Incredible that the shark ate a frozen cuda over most of the other frozen bonitas but you never know what a hungry shark will eat.In the past we've had tiger sharks pick up two day old bait that are starting to rot.
It was a real treat to have the mostly rookie crew get there first taste of landing a big shark and for me getting the young ones involved and loving the sport guarantees that we will be preserving the sport for future generation.On this day the expierience that the youngsters had is something they will never forget;I am gratful to have made it possible for them.
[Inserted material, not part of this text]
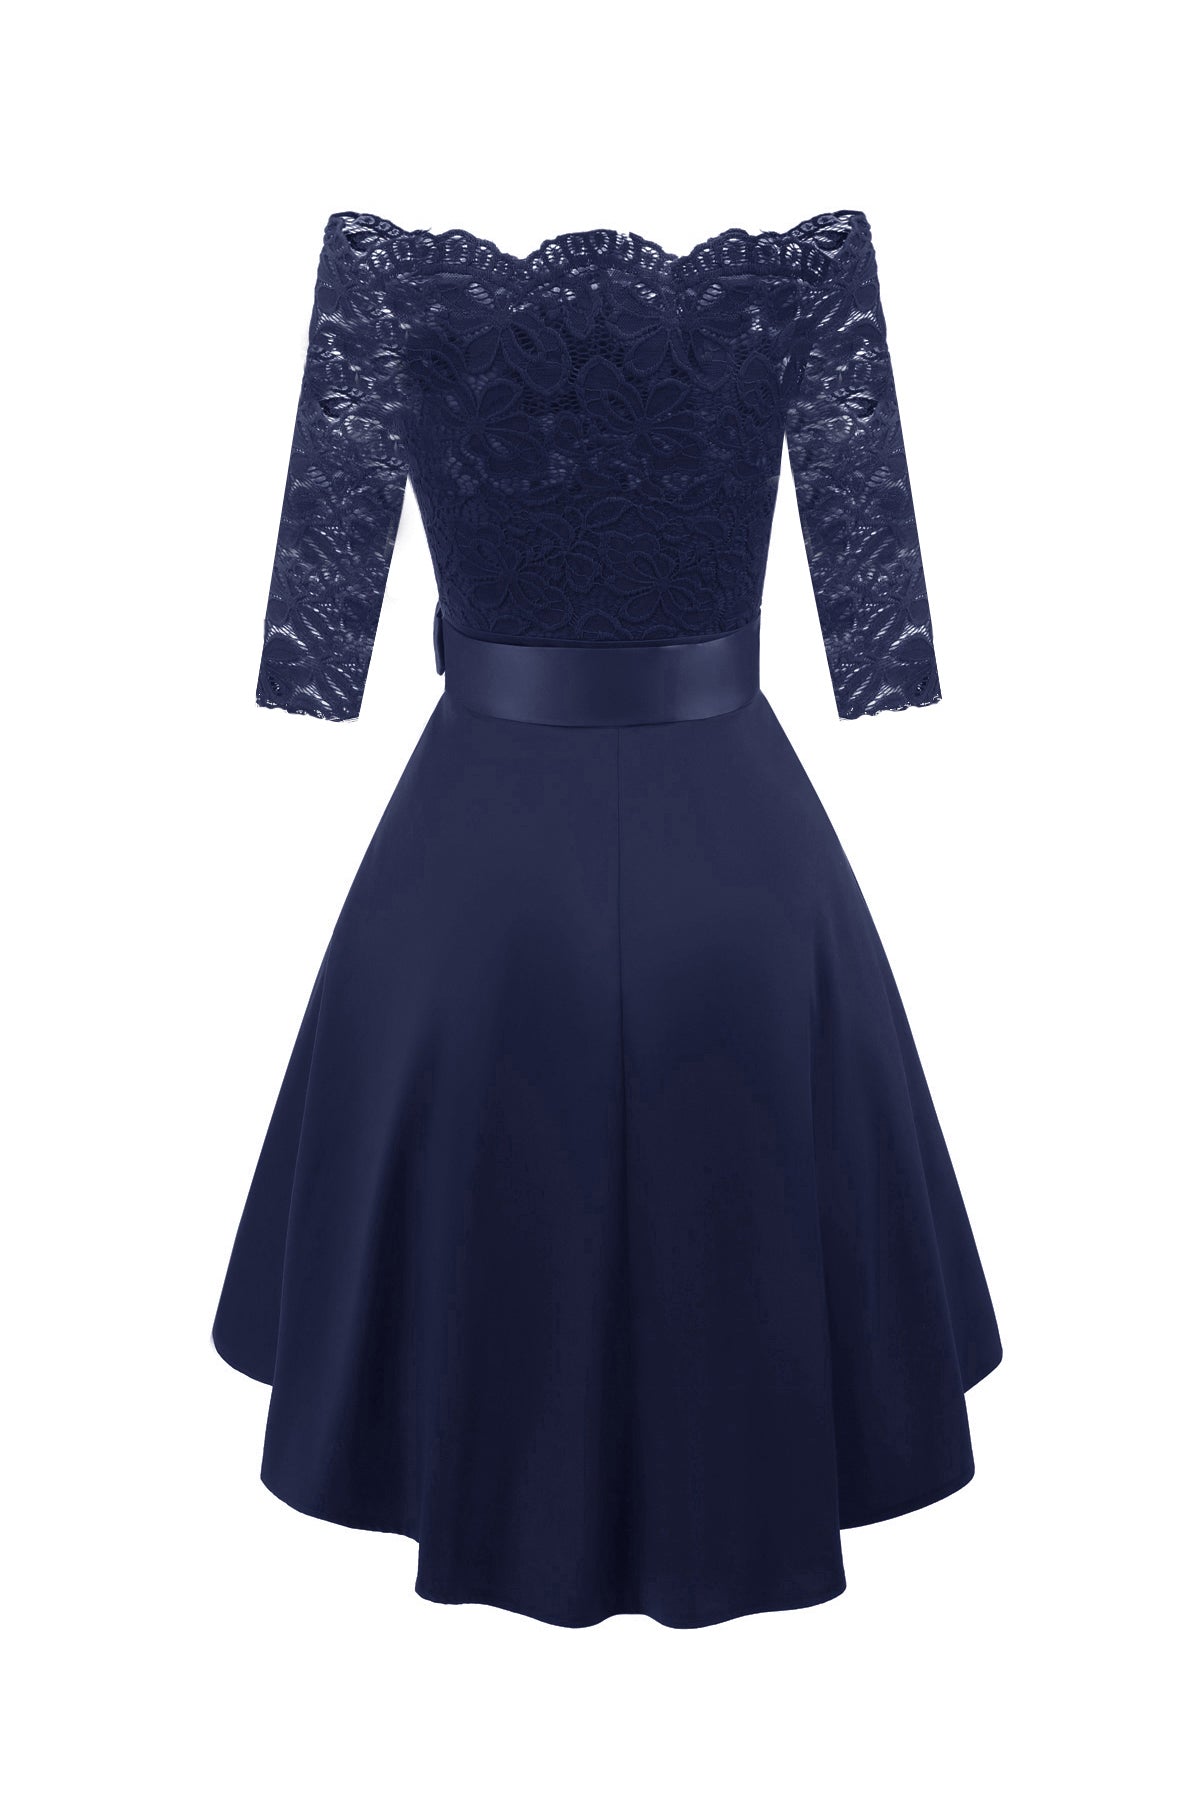 Lace High Low 3/4 Sleeve Homecoming Dresses

The shark was quickly worked into the surf and al though some of the crew were inexpierienced everyone performed flawlessly in getting the shark quickly tailroped,measured,tagged and released in an effecient manner .Josh Jergenson(blacktiphunter) did an excellent job of videotaping all the action with his head cam and subsequently posting it on youtube and for that we are grateful ,thanks Josh.One heck of a video ,check it out*. 
*YOUTUBE VIDEO *


----------



## Deep South (Oct 8, 2007)

Nice job. Great video


----------



## Den-Bob (Jul 19, 2010)

Outstanding fishing report! The best I've ever seen on a forum. 
A #1 white boy fishing adventure, and all done in the spirit of the game!

You are correct, the young ones will never forget that fishing lesson
and the satisfaction of the catch and release of a trophy fish.


----------



## williamsdad (Feb 2, 2010)

*Great report*

Where generally, is this - east coast?, south fl.? very calm


----------



## Realtor (Oct 1, 2007)

Oh YEAH! great report


----------



## parrothead (Oct 1, 2007)

Awesome!!!!!!!!!!!! Thanks for posting

SCott


----------



## BeachBlues (Oct 12, 2007)

Great post. What beach was that?


----------



## Nopierpressure (Jul 27, 2010)

Man, thats gotta be fun!! Thanks for sharing!!


----------